Public sounds off on I-75 project - Cincinnati News, FOX19-WXIX TV

Public sounds off on I-75 project

By Dan Wells - bio | email

(ST. BERNARD, OH) - A major overhaul of Interstate 75 is in the works, and tonight, dozens of people who live along the interstate weighed in on the plans.

The project is set to begin next year, and re-vamps the Mill Creek Expressway from the Western Hills Viaduct to the Paddock Road exit.

With improvements to Interchanges at Hopple Street, Interstate 74, Mitchell Avenue, and the Norwood Lateral.

ODOT says the reconstruction will get rid of the left hand exits along I-75 to bring the highway up to standard.

The St. Bernard Municipal Building was full of maps, drawings and information about future plans to overhaul Interstate 75.

"I'm looking forward to it. We need to create jobs," said Cincinnati resident Ben Brown.

"If there is an accident, the freeway backs up for miles for hours," added another resident, Kloster Kemper, who says she's definitely in favor of the project.

"The project is needed," said Stefan Spinosa with ODOT. "There are quite a few accidents and congestion in the corridor and its just getting worse and this project should elevate those."
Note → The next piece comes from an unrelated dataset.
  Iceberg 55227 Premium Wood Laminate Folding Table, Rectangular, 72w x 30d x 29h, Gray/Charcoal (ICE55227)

The $450 million freeway facelift brought out dozens of people: some who live in the area, others who just wanted to ask questions, and Ed Beckman, who says it's a project he will have to deal with first hand.

"I'm going to lose some of my property," Beckman said. "Overall though I'd prefer that they didn't widen 75, but what they've done here, what they've presented looks like a very good presentation."

That's because ODOT has been working on these plans for years.

"We're at the point now where we're showing our final impacts and our recommended alternative for the corridor," said Spinosa.

The impacts include relocating 22 buildings, 67 households and 15 commercial businesses.

"The impacts to historic properties that are in the right of way or nearby will be very minimal, and it looks like the planners tried to avoid impacts to important cultural resources," said Margo Wiminski with the Cincinnati Preservation Society.

But Beckman isn't so sure.

"In the long term, I'd rather see the money spent on public transportation and an overall development plan for the entire area as opposed to building more highways," he said.